An economic slowdown in India for any reason could turn out to be bearish for gold as it could trigger liquidation of the precious metal-backed collateral, the World Gold Council (WGC) has said.
This is because the yellow metal, which otherwise could rise by 5 per cent to 15 per cent in 2026, could boost secondary supply and put pressure on prices, the WGC said in its Gold Outlook 2026.
“…while there is a widespread positive perspective for India’s economy, a severe global downturn — such as the Doom loop scenario — could create a spillover effect,” the council said.
In India, consumers have pledged more than 200 tonnes of gold jewellery through the formal sector this year alone. “Anecdotal evidence suggests there is almost as much gold backing loans from the informal sector,” it said.
Over 3,000 tonne pledged
Over 3,000 tonnes of the precious metal have been pledged or offered as collateral by Indian consumers totally, the WGC said, adding that recycling flows could become a significant swing factor of gold prices.
Recycling of the yellow metal has been relatively muted this year after accounting for factors such as the rise in the gold price and the effect of economic growth. This led to a notable increase in the use of gold as collateral for loans, it said.
“If recycling remains subdued, with gold being used as collateral instead, it will continue to provide support.
But a marked economic slowdown in India could trigger forced liquidations of gold-backed collateral, boosting secondary supply and adding pressure to prices,” the WGC said.
Rising yields, a stronger dollar, and the shift toward risk-on positioning weigh heavily on the precious metal, prompting a notable withdrawal of investor interest.
Price correction
“With hedges unwound and retail demand softening, the backdrop turns decidedly negative, resulting in a gold price correction of between 5 per cent and 20 per cent, from current levels,” said the council.
Gold ETF holdings could see sustained outflows as investors rotate into equities and higher-yielding assets. Gold’s risk-induced premium, which has been a mainstay since the invasion of Ukraine in 2022, could decline.
However, historical analysis also shows that opportunistic buying from consumers and long-term investors could act as a buffer in this kind of environment, the WGC said.
Apart from these, central banks’ demand and recycling supply are “notable wildcards”. “These factors sit outside our traditional quantitative modelling for a few reasons, but could materially influence gold markets,” it said.
US economic data has been mixed, but market participants are concerned that momentum may be slowing. As risk appetite declines, positioning shifts to defensive assets, the council said.
Surprise may last
However, if geopolitical tensions escalate, emerging market purchases could accelerate, reinforcing structural support for the yellow metal, it said.
In 2026, gold’s outlook will be shaped by ongoing geoeconomic uncertainty.

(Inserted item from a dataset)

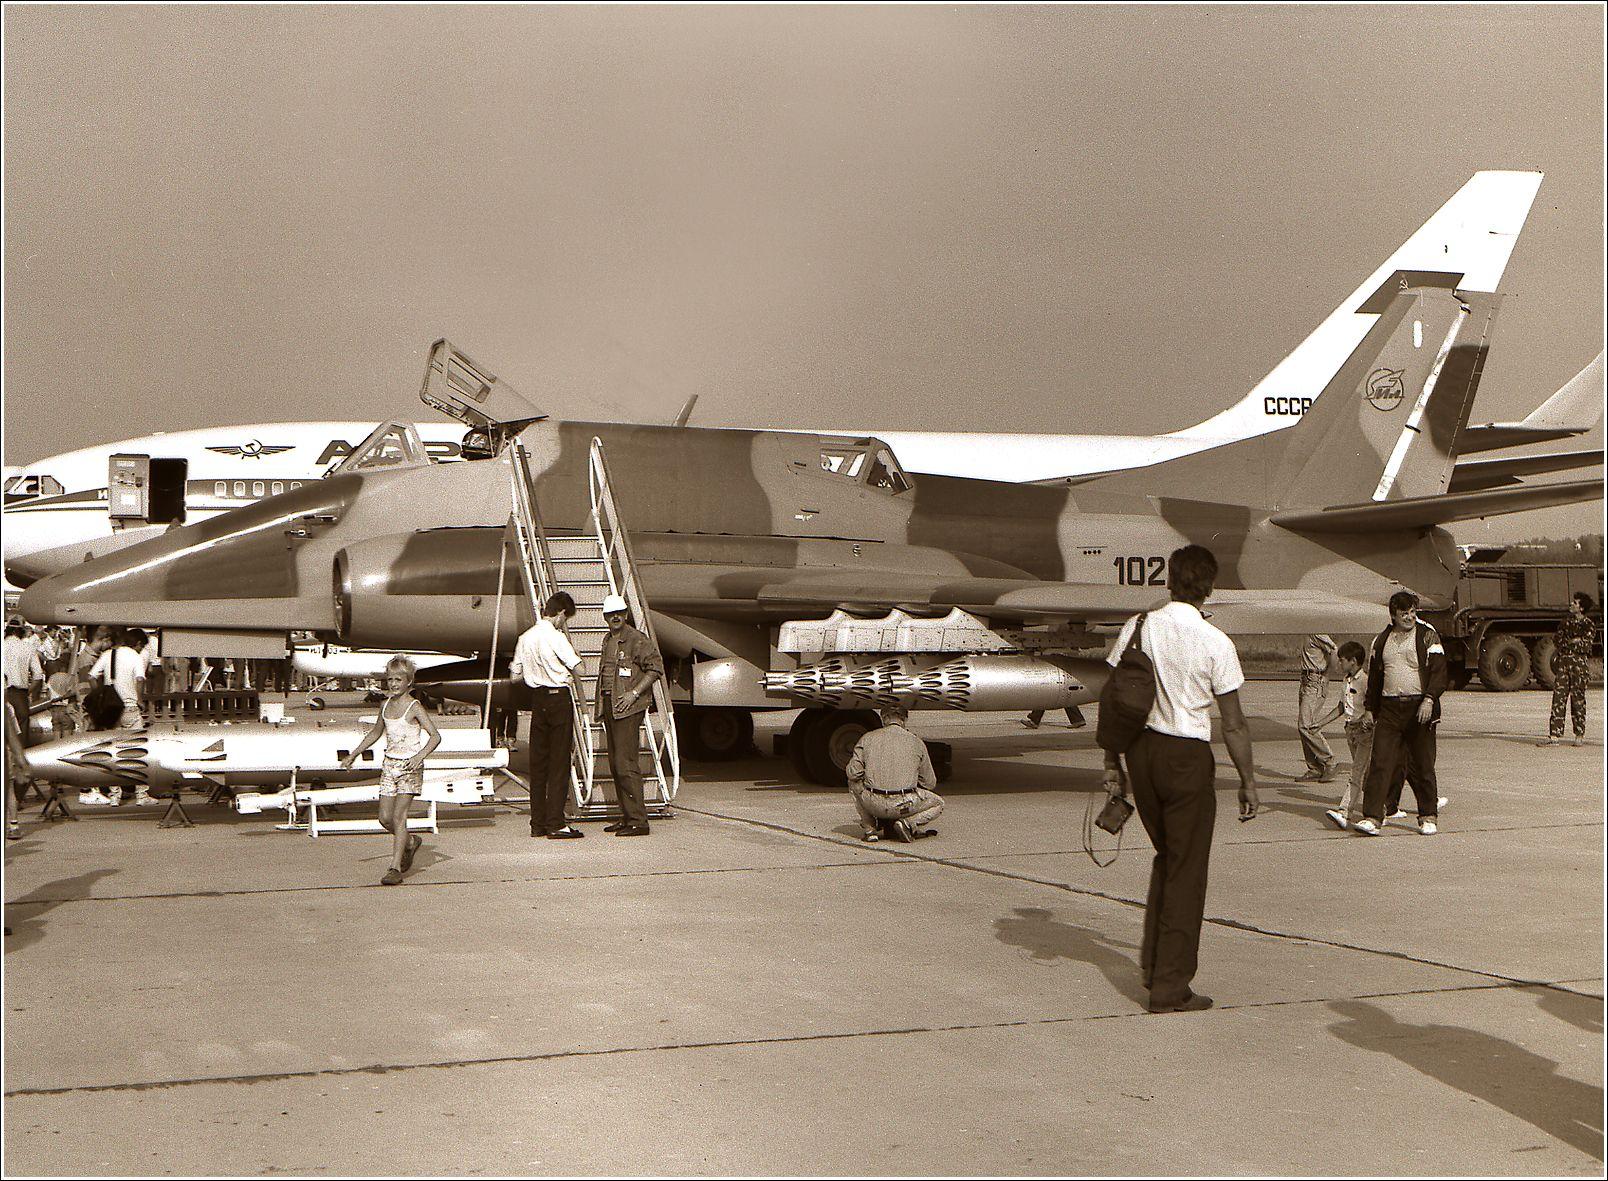 Ил-102 (1992 год) Ил-102 авиация самолет стоянка Жуковский 1992

The price broadly reflects macroeconomic consensus expectations and may remain rangebound if current conditions persist, it said.
“However, 2026 will likely continue to surprise. If economic growth slows and interest rates fall further, gold could see moderate gains,” said the WGC.
In a more severe downturn marked by rising global risks, gold could perform strongly. Conversely, a successful outcome from policies set by the Trump administration would accelerate economic growth and reduce geopolitical risk, leading to higher rates and a stronger US dollar, pushing gold lower.
Other factors
Additional factors, such as central bank demand and gold recycling trends, could also influence the market. Most importantly, gold’s role as a portfolio diversifier and source of stability remains key amid continued market volatility, the WGC said.
A potential reset in AI expectations could act as an additional drag on equity markets. This could result in a softer US labour market, leading to weak consumer activity and global economic slowdown.
With the US Fed likely to cut rates, a combination of lower interest rates and a weaker dollar paired with heightened risk aversion, would create a continued supportive environment for gold, the WGC said.
Up 60% in 2025
The yellow metal set more than 50 all-time highs this year and was one of the strongest-performing assets in 2025. Prices of the precious metal soared due to a supercharged geopolitical and geo-economic environment, US dollar weakness and marginally lower rates.
Currently, gold prices are ruling at $4,223.89 an ounce, up 60 per cent in 2025. February futures of the precious metal are quoting at $4,255.15 an ounce.
In India, gold in Mumbai ended at ₹1,28,592 per 10 gm. On MCX, gold February futures were ruling at ₹1,30,711 per 10 gm.